── Data for processing ──
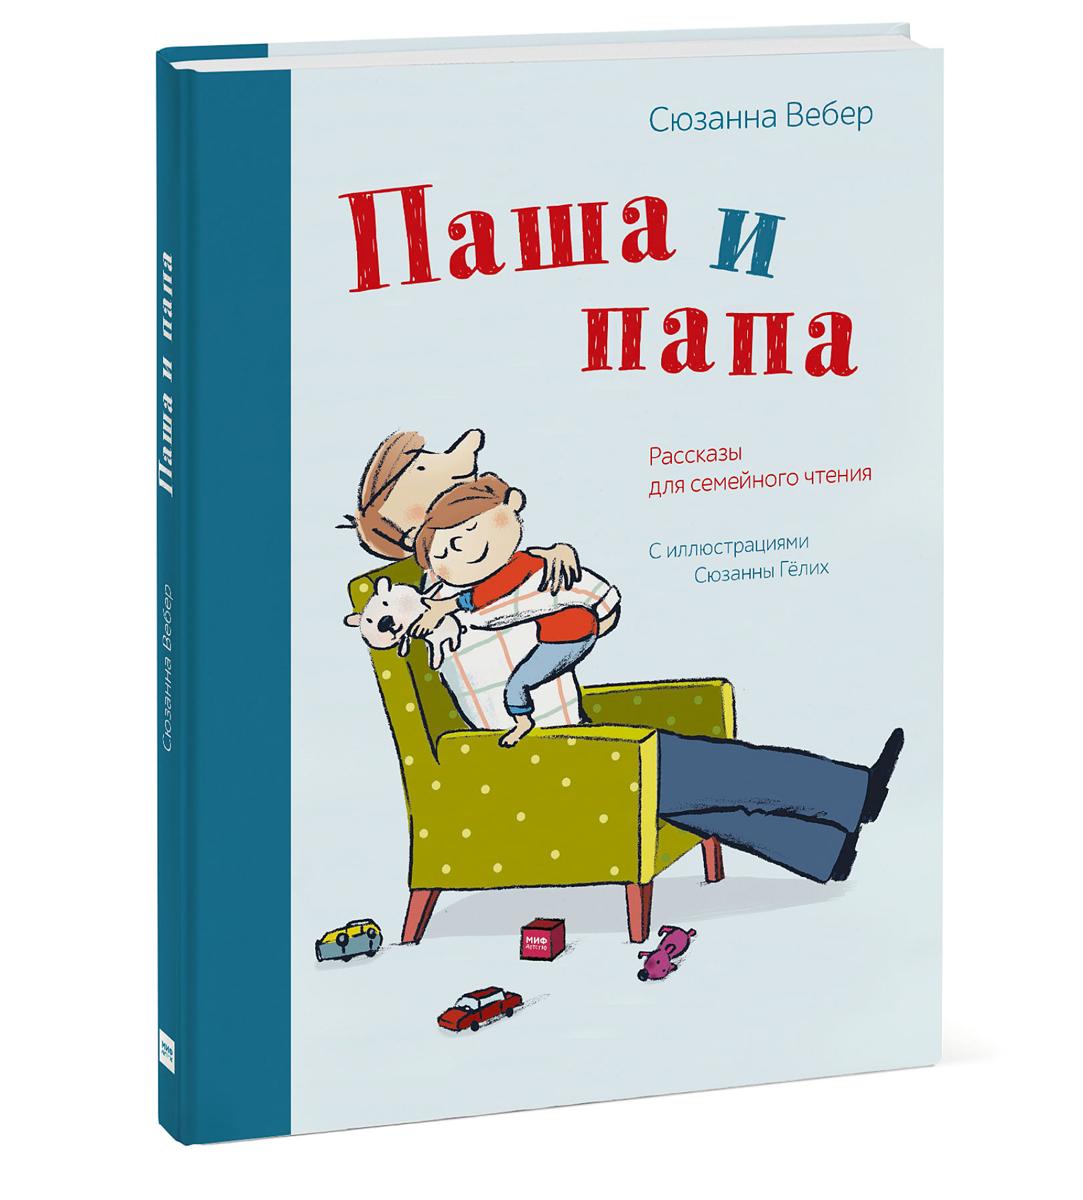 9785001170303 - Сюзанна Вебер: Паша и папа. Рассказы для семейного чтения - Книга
───
── Data for processing ──
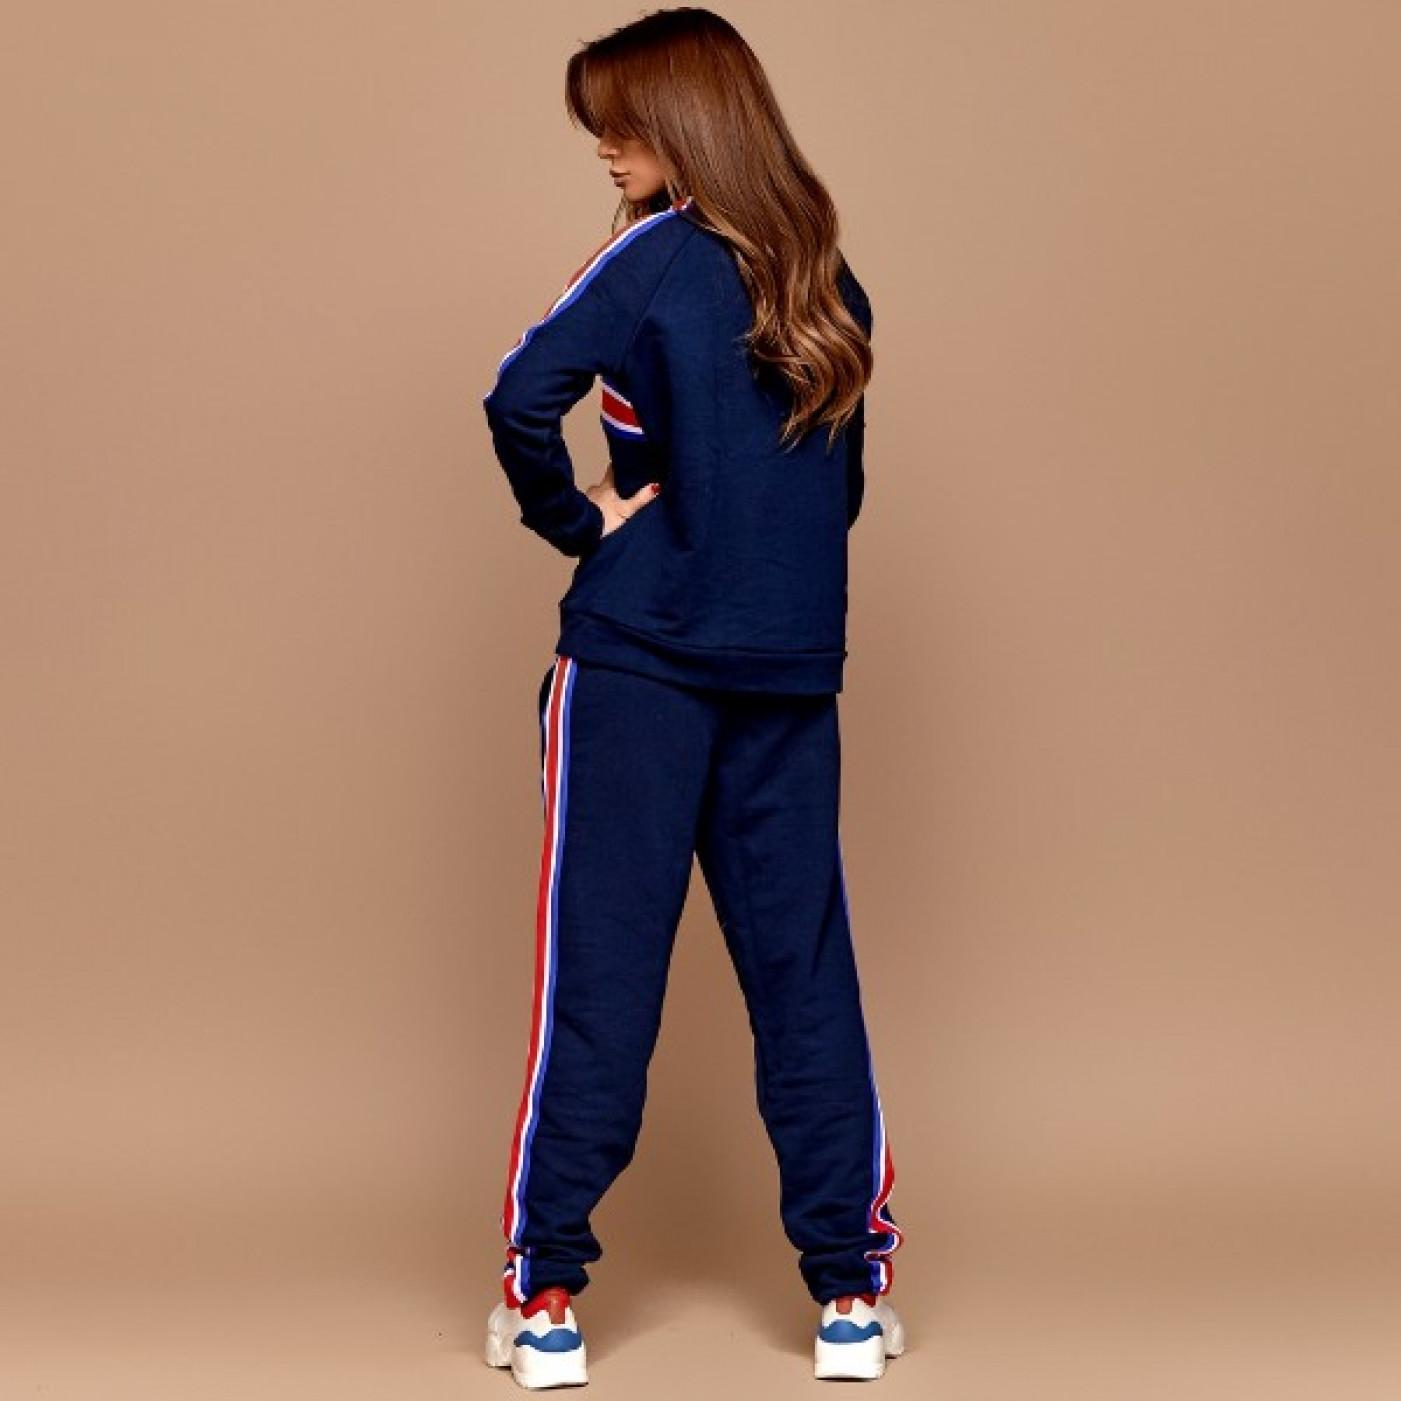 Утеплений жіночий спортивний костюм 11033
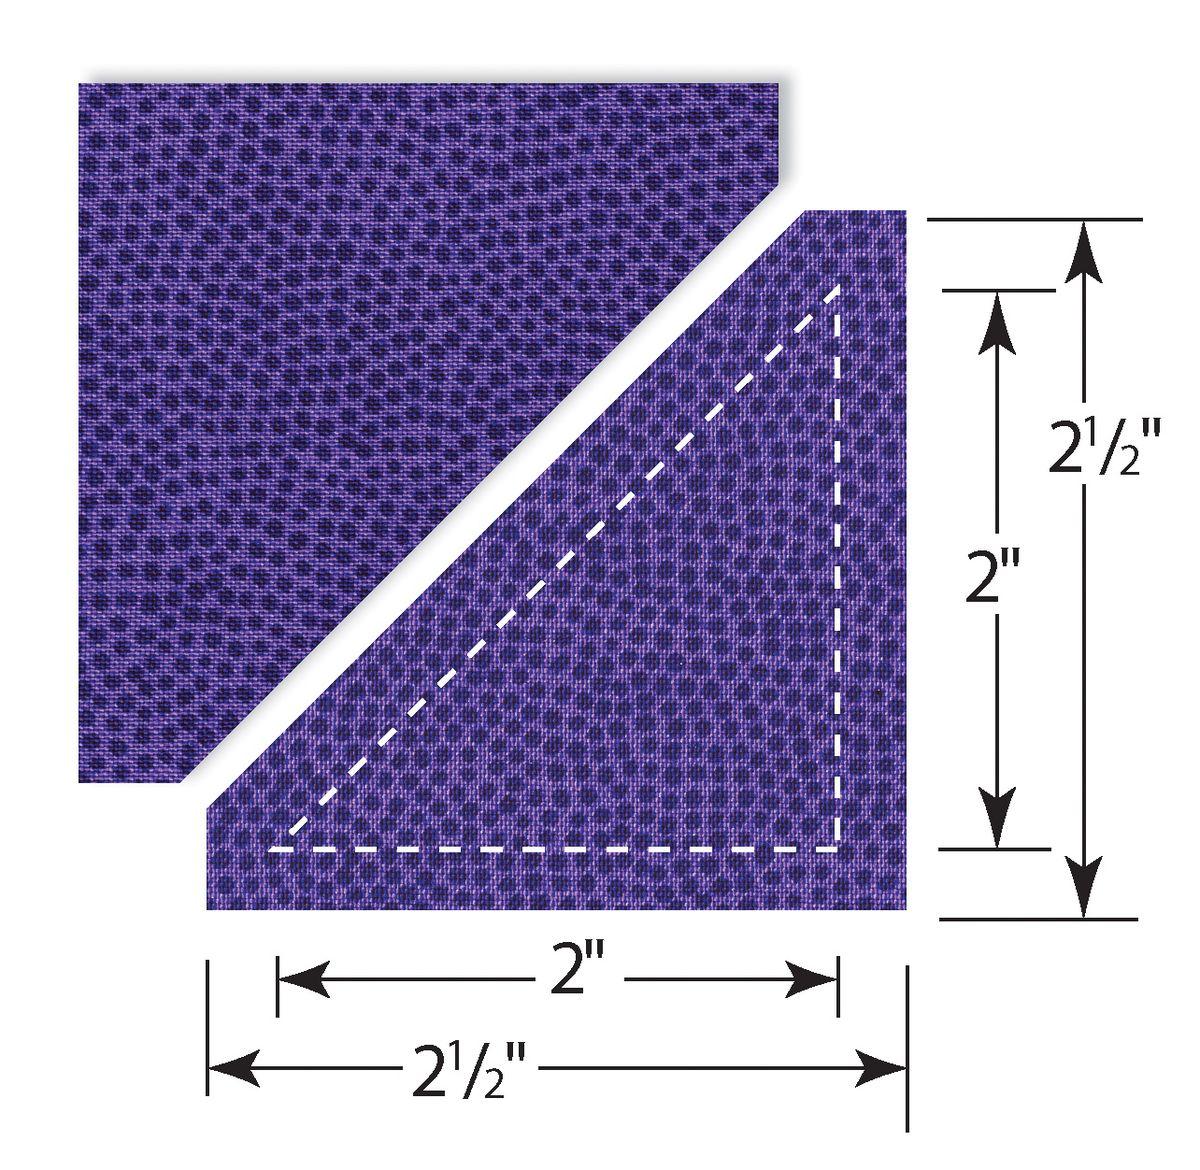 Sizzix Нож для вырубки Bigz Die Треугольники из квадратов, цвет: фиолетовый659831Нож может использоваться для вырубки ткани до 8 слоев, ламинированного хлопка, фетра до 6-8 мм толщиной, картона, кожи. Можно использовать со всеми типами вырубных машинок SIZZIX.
───
Exercise objective: Would you transcribe the lines above exactly, going from the line bearing "Утеплений жіночий спортивний костюм 11033" through the line bearing "Sizzix Нож для", and drop the pictures from the copy?

Reply:
 Утеплений жіночий спортивний костюм 11033
 Sizzix Нож для вырубки Bigz Die Треугольники из квадратов, цвет: фиолетовый659831Нож может использоваться для вырубки ткани до 8 слоев, ламинированного хлопка, фетра до 6-8 мм толщиной, картона, кожи. Можно использовать со всеми типами вырубных машинок SIZZIX.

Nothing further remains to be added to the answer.